Below I do the following to generate correlated binary data:
rbinom()
function generates random data from
a binomial distribution. Think of it as flipping 5 coins with the given
probability and observing 5 results: 1 = head, 0 = tails. A result of
0, 0, 1, 1, 0
would mean two heads and three tails. If a
subject has a high probability, they’re more likely to see more ones,
and thus score higher on this factor.set.seed(1234)
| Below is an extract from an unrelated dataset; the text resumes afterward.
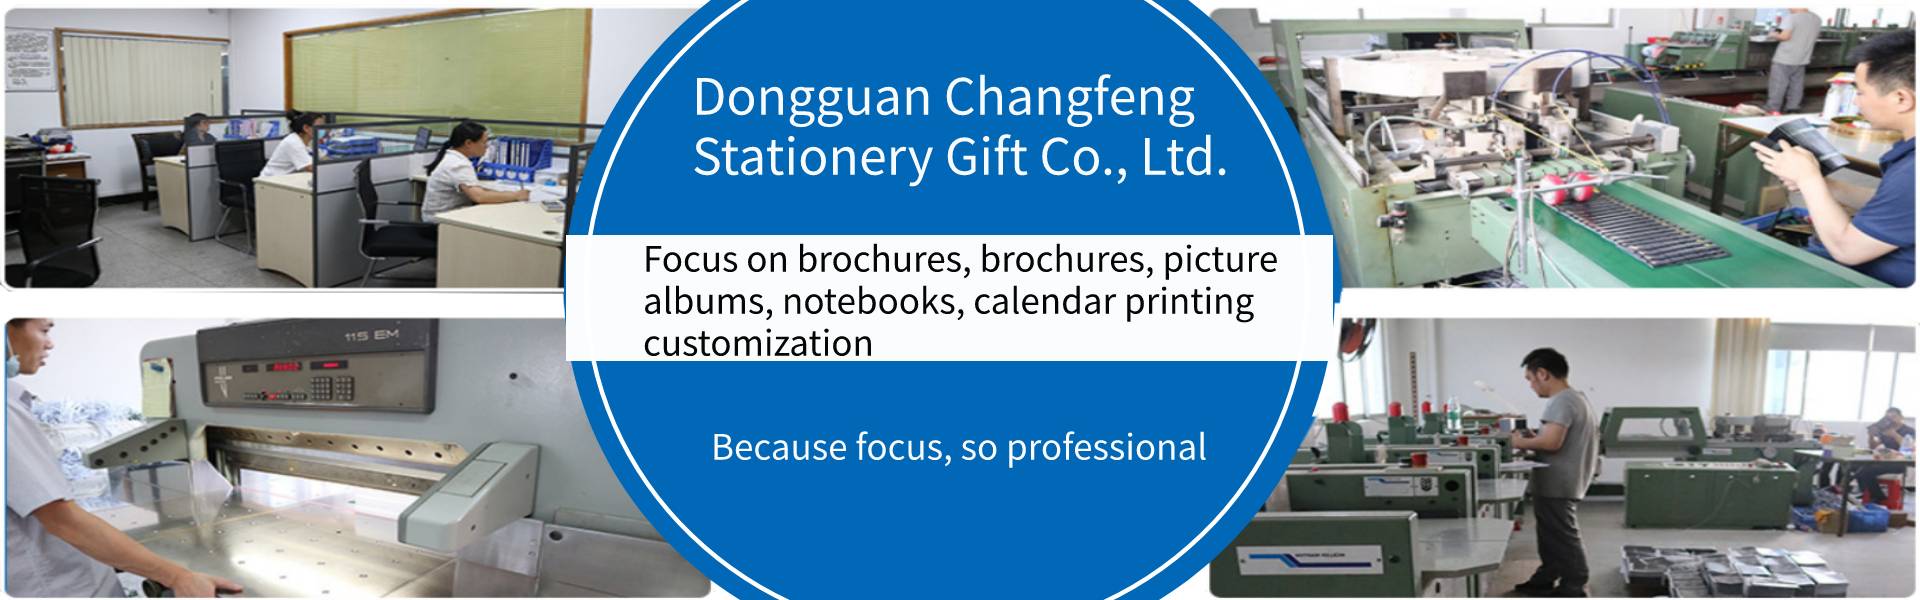 инструкция по эксплуатации, фотоальбом, блокнот,Dongguan Changfeng Stationery Gift Co., Ltd.
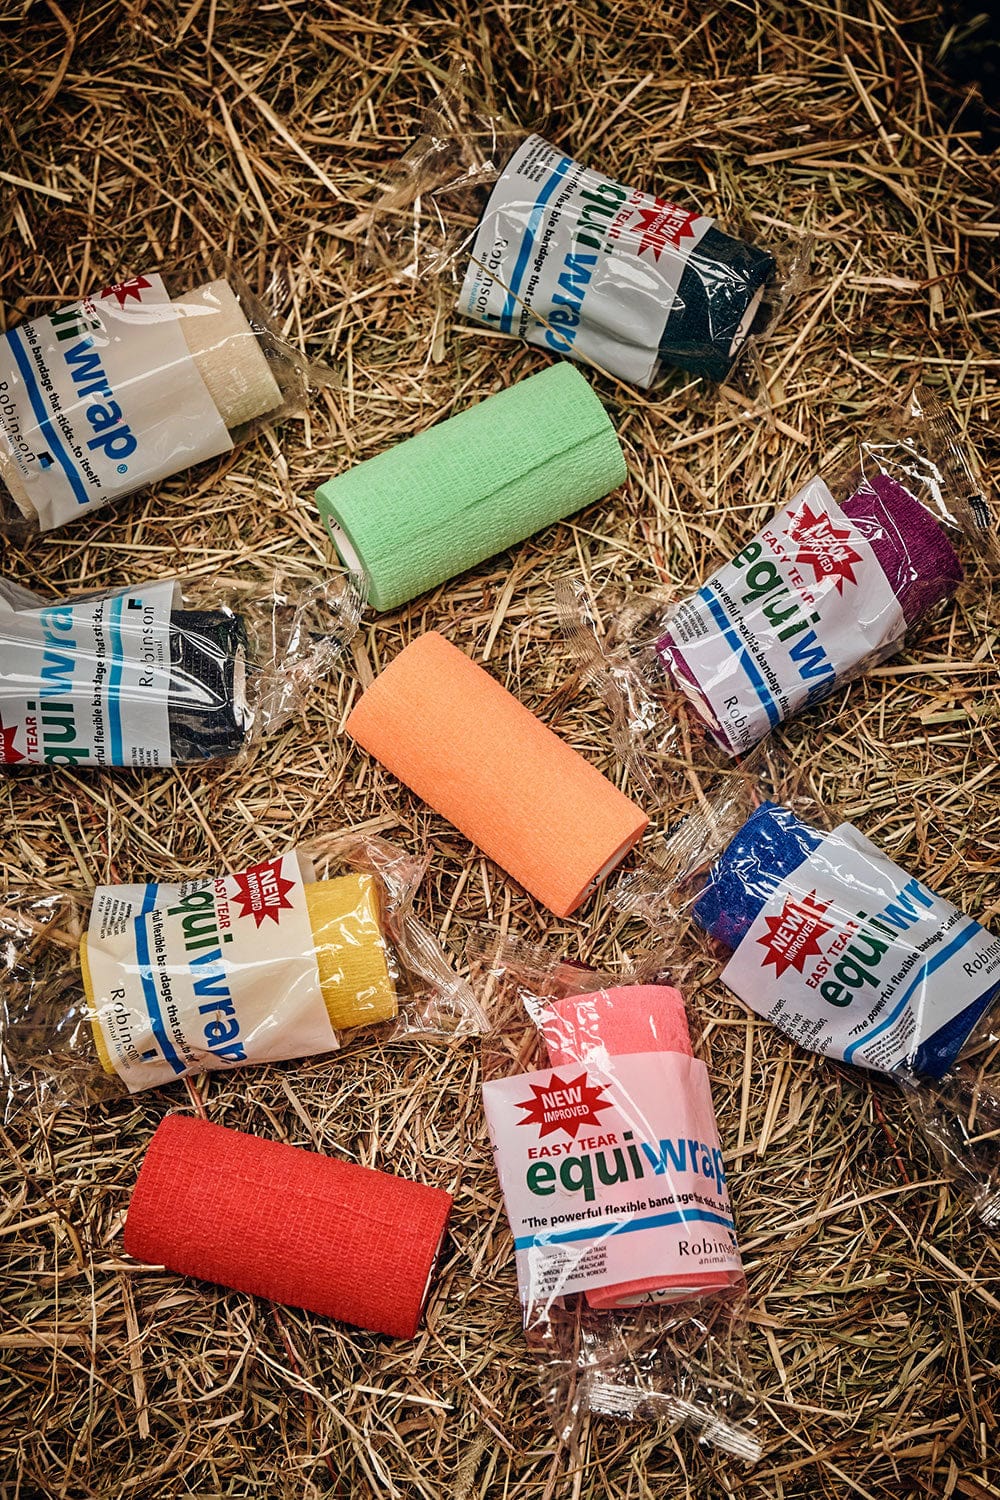 Equiwrap bandage 24 pack

y <- matrix(runif(300 * 4), ncol = 4)
g1 <- sapply(y[,1], function(x)rbinom(n = 5, size = 1, prob = x)) |> t()
g2 <- sapply(y[,2], function(x)rbinom(n = 5, size = 1, prob = x)) |> t()
g3 <- sapply(y[,3], function(x)rbinom(n = 5, size = 1, prob = x)) |> t()
g4 <- sapply(y[,4], function(x)rbinom(n = 5, size = 1, prob = x)) |> t()
d <- cbind(g1, g2, g3, g4)
head(d)
## [,1] [,2] [,3] [,4] [,5] [,6] [,7] [,8] [,9] [,10] [,11] [,12] [,13] [,14]
## [1,] 0 0 0 0 0 0 0 0 0 1 0 0 0 0
## [2,] 0 0 0 1 0 1 1 1 1 1 0 1 1 0
## [3,] 1 1 0 1 0 0 1 0 1 1 0 0 0 0
## [4,] 0 1 0 0 1 0 1 1 0 1 0 0 1 1
## [5,] 1 0 1 1 1 1 1 1 1 1 0 0 0 1
## [6,] 1 1 1 1 0 1 1 0 0 0 0 0 0 0
## [,15] [,16] [,17] [,18] [,19] [,20]
## [1,] 0 0 1 1 1 0
## [2,] 0 0 1 1 1 1
## [3,] 0 0 0 1 1 1
## [4,] 0 1 0 0 1 1
## [5,] 1 1 1 1 0 1
## [6,] 0 0 0 0 0 0
With our data simulated, let’s visualize the correlation matrix.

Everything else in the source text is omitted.